No question – Audi’s five door A5 Sportback has been a hit. Before the A5, the Audi A4 scored around a quarter of sales in the compact premium class, but with this platform-and segment-sharing pair it has snared a third of the market, even if A4 sales have dropped slightly.
Now, four years after the launch of the coupe that was the first A5, the whole range gets a refresh. There are subtle changes to the exterior, the cabin, steering, suspension and some revised engines, the most impressive of which is the 1.8 TFSI petrol tested here. Stop-start is standard for every model, be it manual or auto.
This revised 1.8 is the third generation of the EA888 four cylinder that Audi engineers for VW group use – the 2.0 litre version follows in mid-2012 – and it now features a combustion strategy that toggles between direct and indirect injection, enhanced variable valve lift and intelligent cooling.

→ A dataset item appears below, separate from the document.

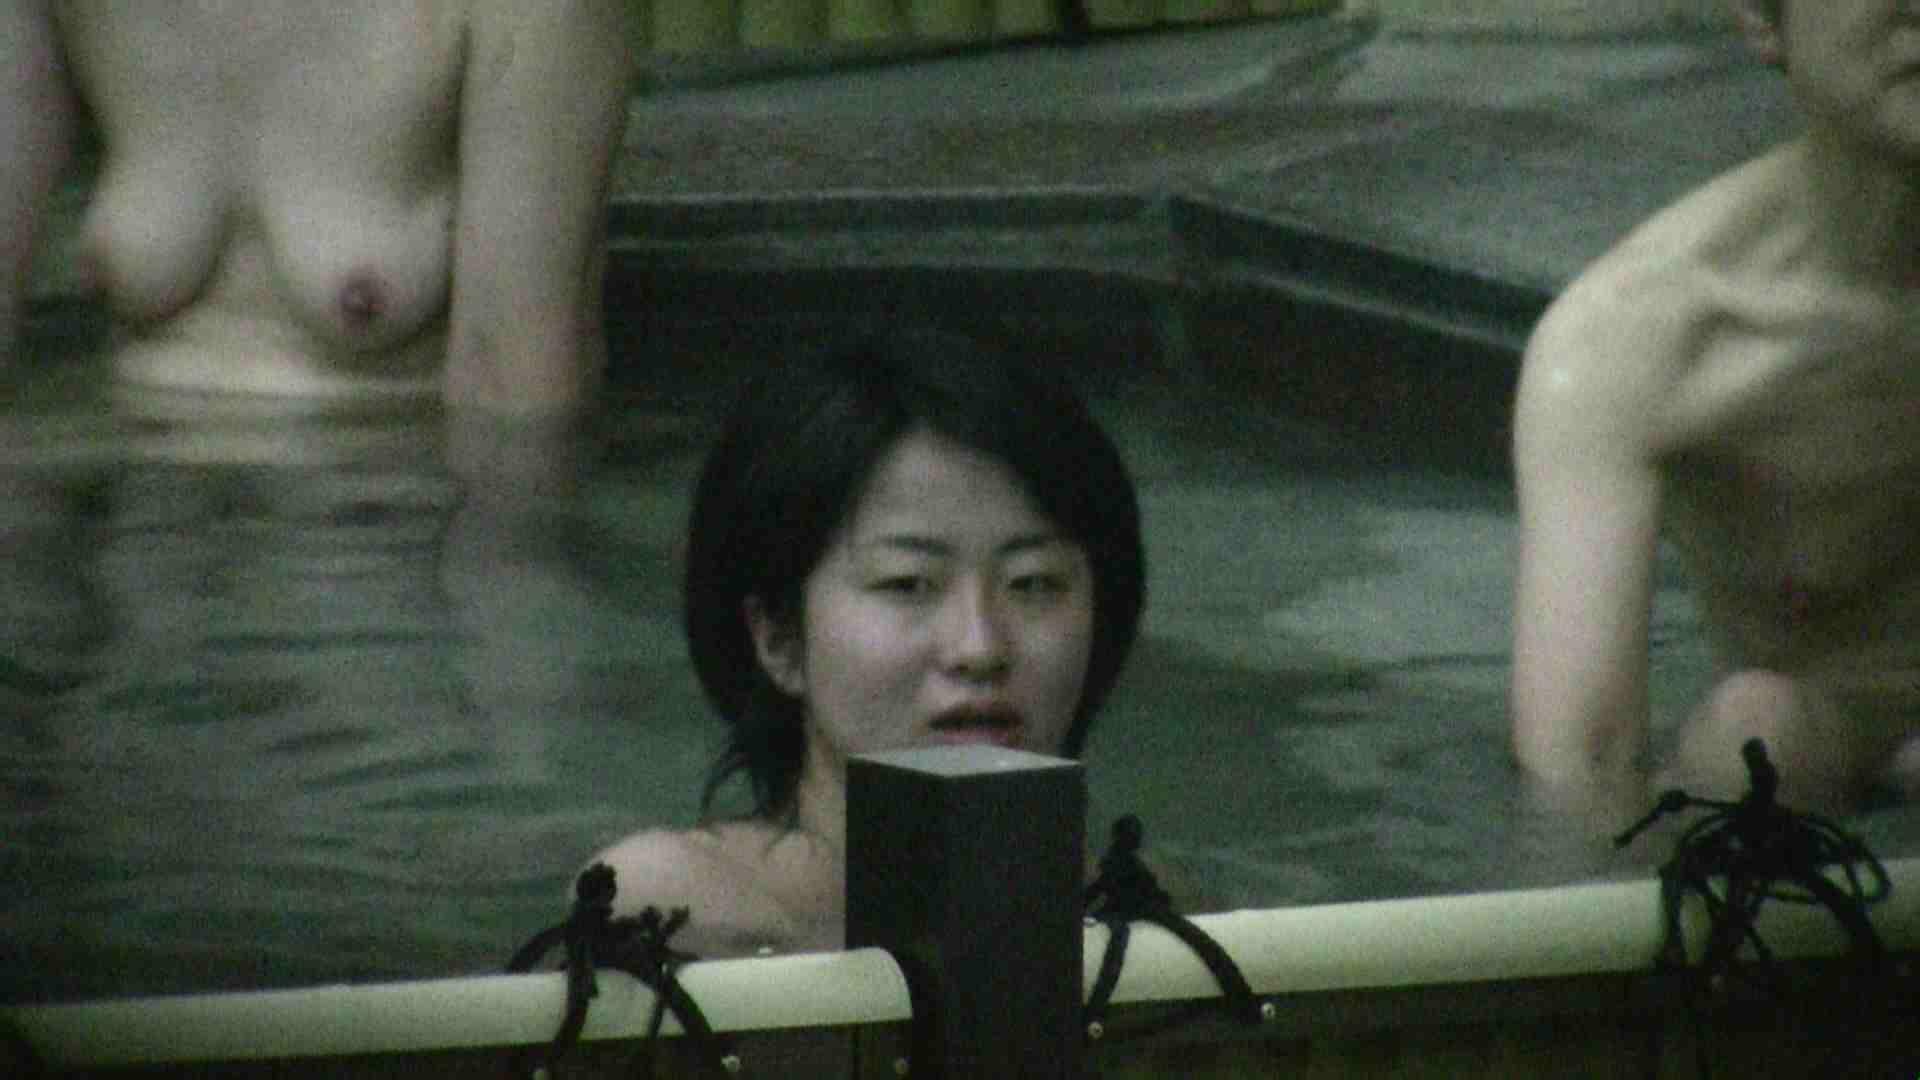 Aquaな露天風呂Vol.112 盗撮シリーズ   露天風呂編  93PIX 87

Friction-reducing measures include roller-bearing balancer shafts, while an electronically managed wastegate and an integrated exhaust manifold also yield efficiency improvements. Together with fuel-saving electronic power steering it produces a competitive combined consumption of 43.1 and 134g/km of CO2 emissions, but more impressive than these stats is a torque curve whose early 1400rpm 236lb ft peak is sustained through to 3700rpm.
What’s it like?
The torque makes this engine a real pleasure to drive behind. It pulls from low down with stout, near diesel-like zeal, and keeps on pulling through to 5000rpm. It’ll rev smoothly beyond that, but it’s more productive to change up than pull red lines.
Four-cylinder powertrains work best with the A5, or seem to do its sometimes troubled dynamics the least damage, the weightier V6s giving some versions the nose-heavy handling of a slung hammer. The lighter TFSI affords the Sportback better balance and more confident directional stability, even if heaving cambers will have the wheel squirming. You can alter the steering’s ratio and feel with the drive select button no choice provides especially convincing sensations, although the previous hydraulic set-up was no paragon either.

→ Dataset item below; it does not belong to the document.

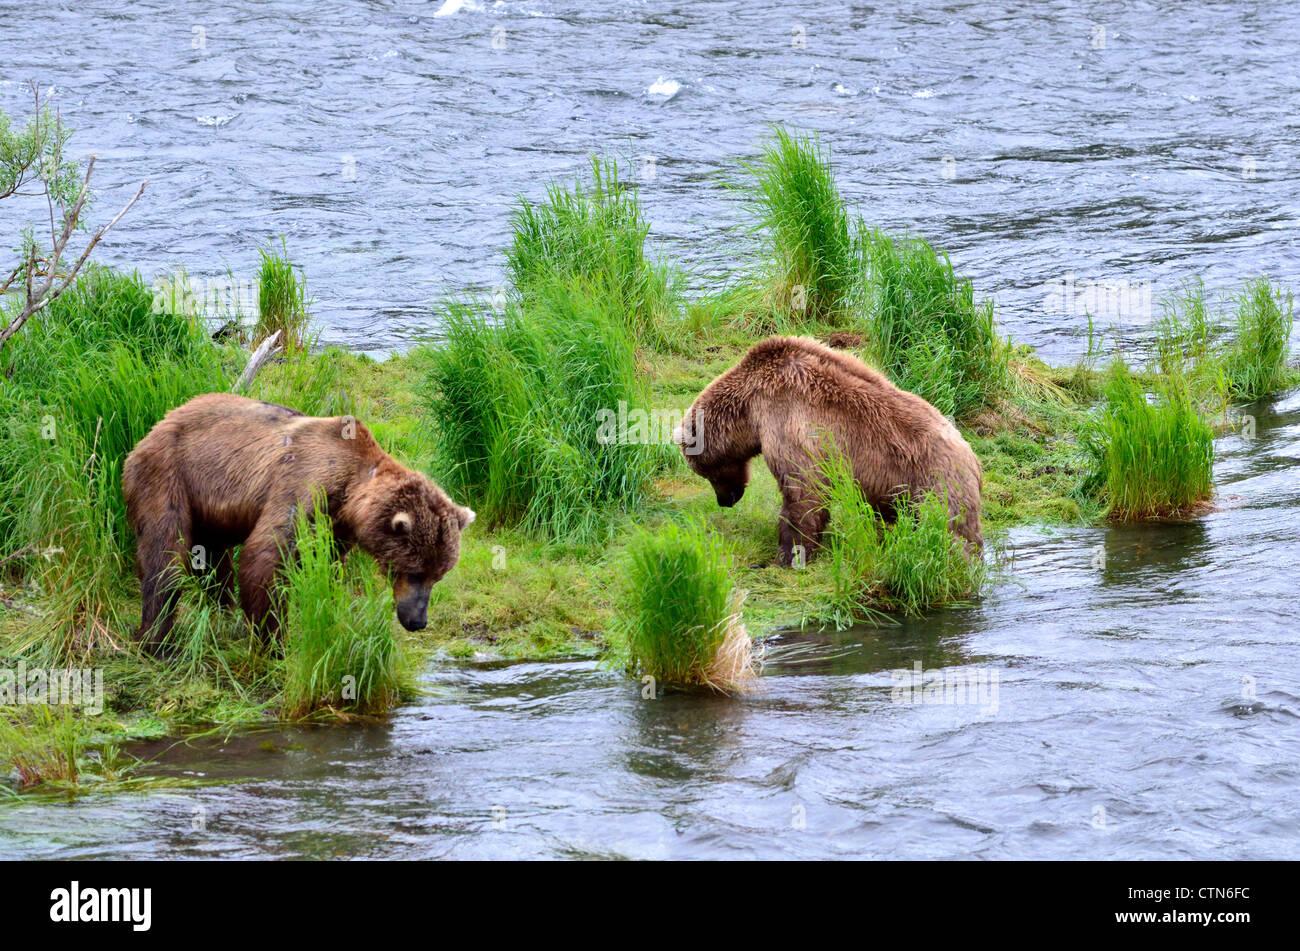 Zwei Braunbären konfrontieren einander am Brooks River. Katmai Nationalpark und Reservat. Alaska, USA. Stockbild

More frustrating is a ride that sometimes manages to feel both inelastic and overdamped despite softenings of dampers and anti-roll bars and this, coupled to the A5’s dull reluctance to slice through tight bends, produces a chassis that falls well short of its BMW and Benz opposition.
Should I buy one?
Many will happily ignore these failings to enjoy the Sportback’s still appealing style and a cabin of even better detail finish despite the less-than-obvious air conditioning control logic. Audi’s MMI infotainment controller has been slightly simplified however, there’s a new steering wheel, some fresh interior finish choices – one rather dubiously titled ‘poetry’ that includes attractive yacht-deck style wood inlays –and a redesigned automatic transmission selector. The latest A5 is recognisable from the outside, incidentally, by a new front bumper, a grille with angled upper corners and revised lights.
Blind spot detection, lane drift correction, adaptive cruise control, automatic emergency braking and drowsiness monitors are now available, along with mobile wireless web connection which should keep kids quiet. More accurate online traffic updates and reroutings should keep an under-pressure driver quiet too.